Gene narrates the novel from a point fifteen years in the future. This allows him to imbue the narrative with hindsight, both about his friendship with Finny and about the war. When he visits the tree and the marble stairs, Gene sets those places up as sites of importance and likely trauma. As the novel progresses, any mention of these sites will be accompanied by an undefined foreshadowing. Additionally, since Gene is narrating with the benefit of hindsight, his reliability as a narrator is mildly questionable. Finny, for example, is almost preternaturally good. Although he has flaws, they are mostly issues that become very small from an adult point of view. Living impulsively and living in the moment, for example, are almost virtues outside the pressures of high school life. Gene’s memory of his youthful assessment of Finny’s flaws seems petty and borne out of Gene’s jealousy.

Additionally, the first three chapters establish the relationship between the campus and the war, as Gene, Finny, and the boys in their class are able to flout their status as juniors who are not quite being groomed for enlistment yet. This bubble of youthfulness, supposedly untouched by the war, is the “separate peace” of the title. Jumping out of the tree takes on a different meaning as a teenhood dare rather than an exercise meant to inure future soldiers who might find themselves parachuting out of helicopters. The war itself becomes a game, as evidenced by Finny’s creation of “blitzball,” which is a take on the war, but one in which Finny has total control. As a narrator with hindsight, Gene locates meaning relative to the war in his story. He sees his class as a group of boys that will likely live or die based on the events of World War II.
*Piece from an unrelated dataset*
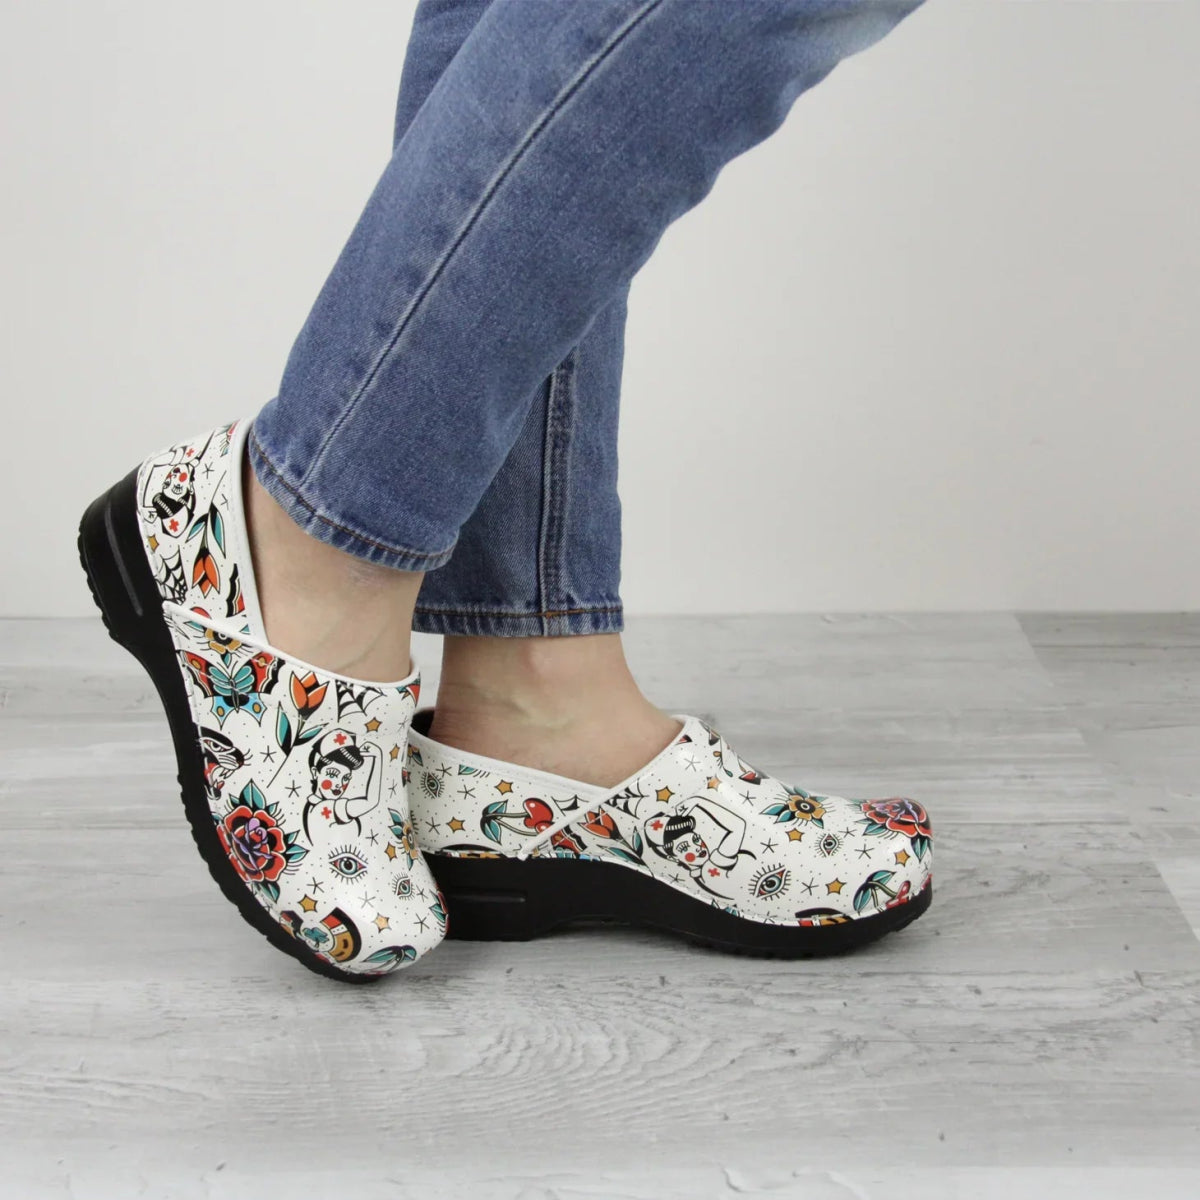 SANITA ROCKABILLY UNISEX CLOG IN WHITE - TLW Shoes
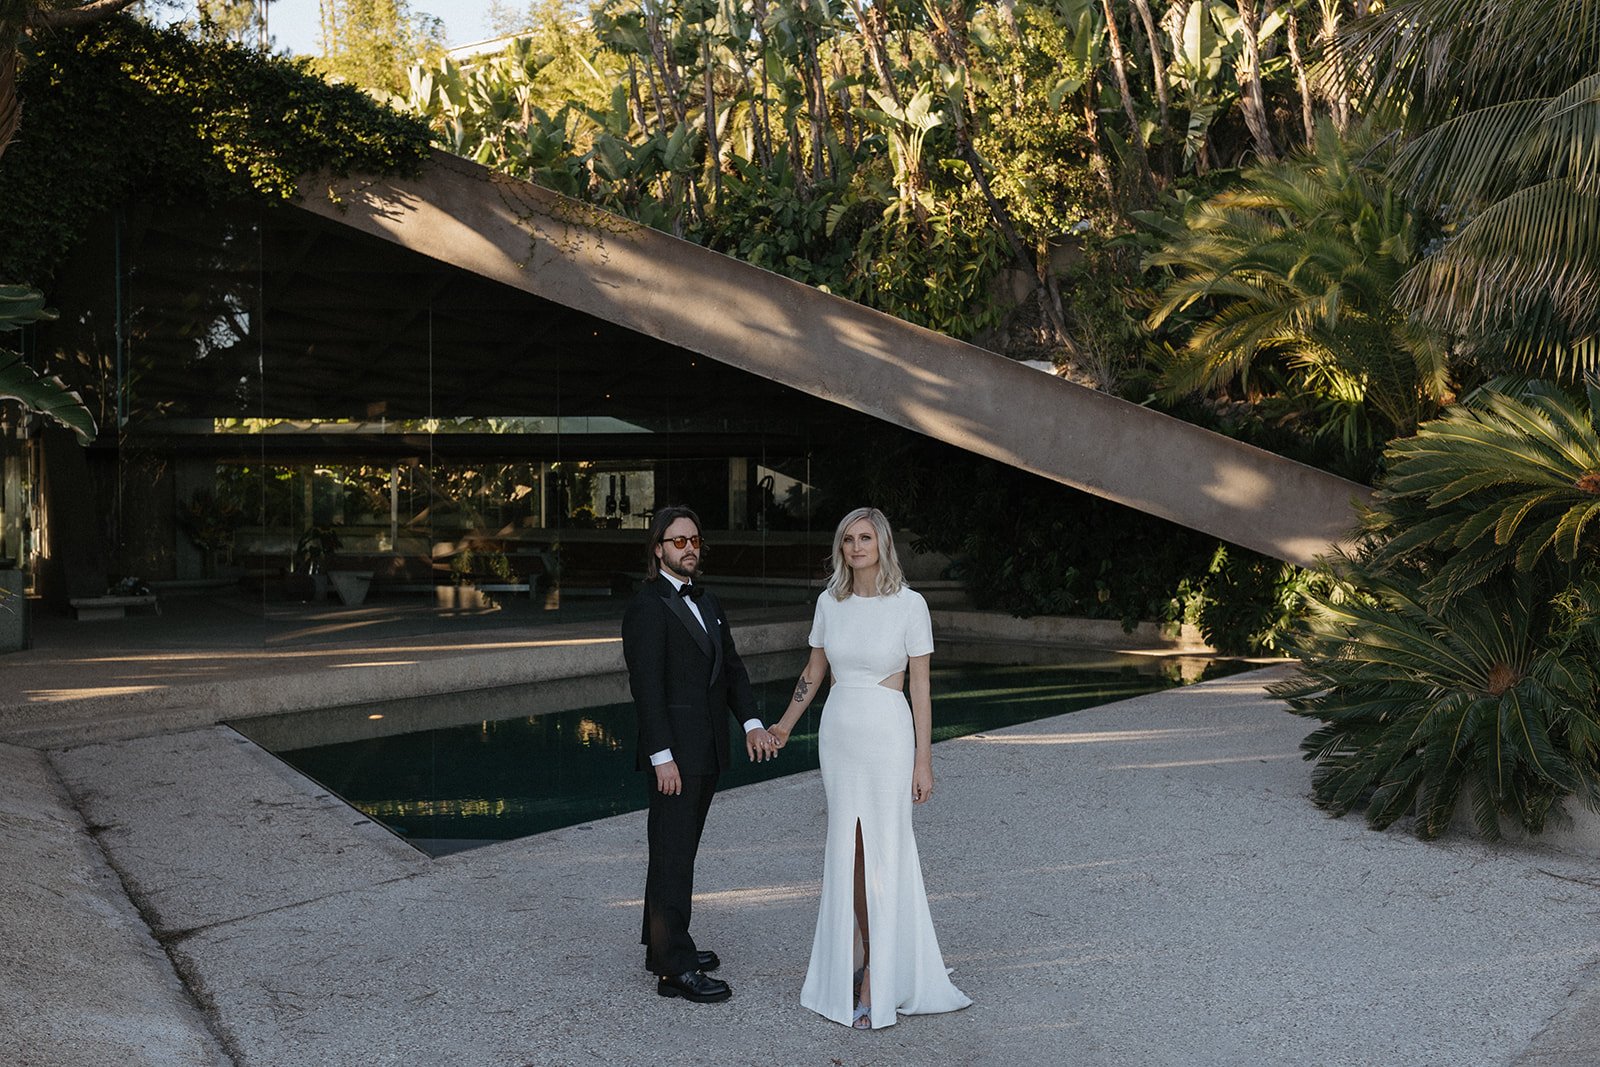 the Sheats–Goldstein Residence is a gorgeous spot for this couple's dream elopement ceremony

For all of the critical generosity that Gene likely affords Finny, he is particularly hard on himself for the unexpressed thoughts and jealousies that he recounts. Knowing Finny’s eventual fate, Gene highlights his own envy. Through the narrative, Gene berates himself for being a bad friend. For instance, when Finny charms his way out of trouble for using the school tie as a belt, Gene admits that he is disappointed to see his friend avoid disciplinary action. At the beach, Finny tells Gene that he is his best friend, and Gene regrets deciding not to say it back, although he also establishes that emotional displays are “the next thing to suicide” (43) for the boys of the Devon School. Gene does not defend his jealousy or uncharitable thoughts and, in fact, asks the reader to hold him accountable for them.